Letztlich blieb der Landkreis Weißenburg-Gunzenhausen von der Vogelgrippe verschont. Nur ein Wildvogel wurde am Brombachsee bei einer ersten Probe positiv auf das Virus getestet. Das Ergebnis bestätigte sich bei einem Zweittest allerdings nicht. Lechner verteidigt das restriktive Verhalten der Landesbehörden: "Es war nur Zufall, dass nichts passiert ist. Immerhin war der Landkreis ja vom Virus umgeben."

Wäre das Virus in einem Hausgeflügelbestand zum Ausbruch gekommen, hätte dies europaweite Sperren zur Folge gehabt. Nur durch die Stallpflicht habe man die Ansteckungsgefahr gering halten können, so Lechner.

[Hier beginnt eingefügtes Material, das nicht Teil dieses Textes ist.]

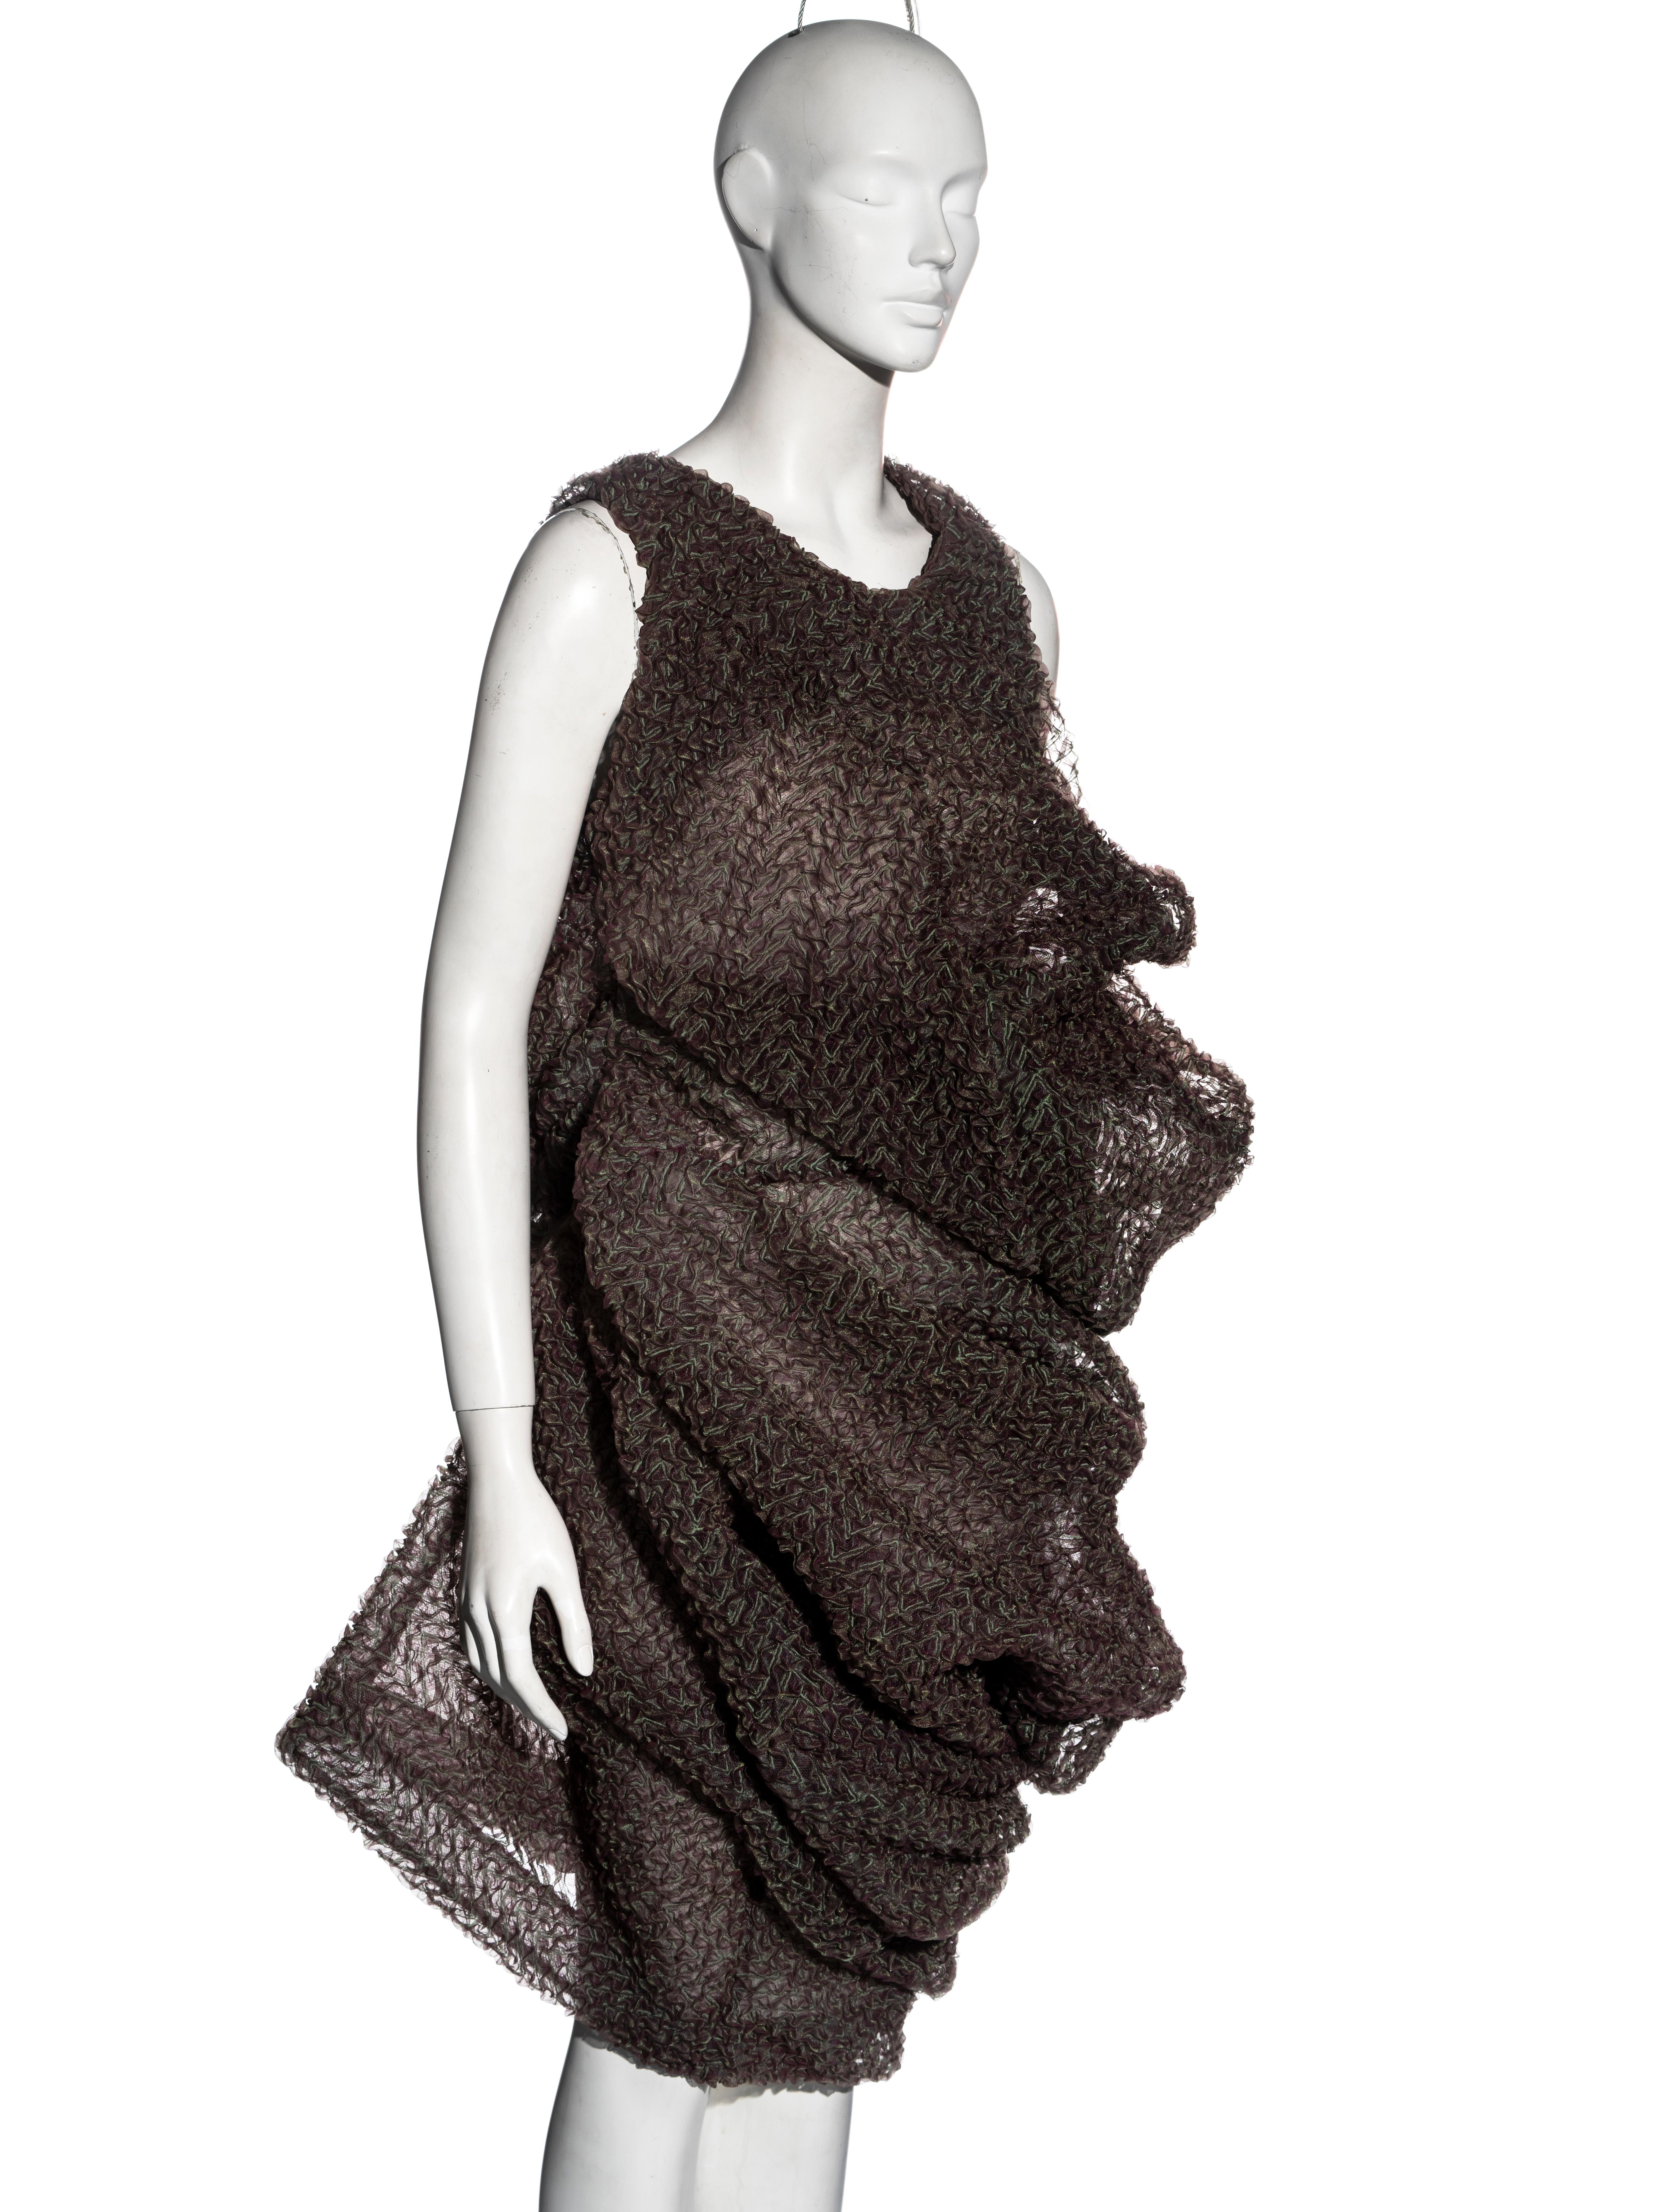 Black Comme des Garçons 'Body Meets Dress, Dress Meets Body' dress, ss 1997

Bürgermeister Klaus Fackler, der bei der Diskussion zu Gast war, hält die hohen Standards für wichtig, allerdings findet er, dass die Verhältnismäßigkeit bei der Umsetzung nicht immer gewahrt ist. Er macht ein Problem dafür verantwortlich: "Die Öffentlichkeit ist nicht mehr bereit, dass jemand Fehler macht."

Nun steht also bald wieder der Winter an. Die Geflügelzüchter befürchten, dass wieder rechtzeitig vor Weihnachten die Schreckensmeldungen kommen und ihnen eine Stallpflicht droht. Oder im schlimmsten Fall die Keulung ganzer Bestände. "Durch so ein amtliches Handeln kann eine ganze Tierrasse unwiderruflich aussterben", sagt Zuchtwart Holert.

Vollzeit-Aufgabe

Die Geflügelzucht sei ein Hobby mit Herzblut, sagt Holert: "Wir sind 365 Tage im Jahr damit beschäftigt und nehmen hohe Kosten in Kauf." Auch er sieht ein, dass das Virus für seine Tiere gefährlich werden kann. Dennoch wünscht er sich ein bedächtigeres Vorgehen der Behörden, etwa gezielte Quarantänemaßnahmen statt einer generellen Stallpflicht. "Wenn ein Mensch die Grippe hat, kuriert er sich auch im Bett aus und es müssen nicht alle anderen daheim bleiben."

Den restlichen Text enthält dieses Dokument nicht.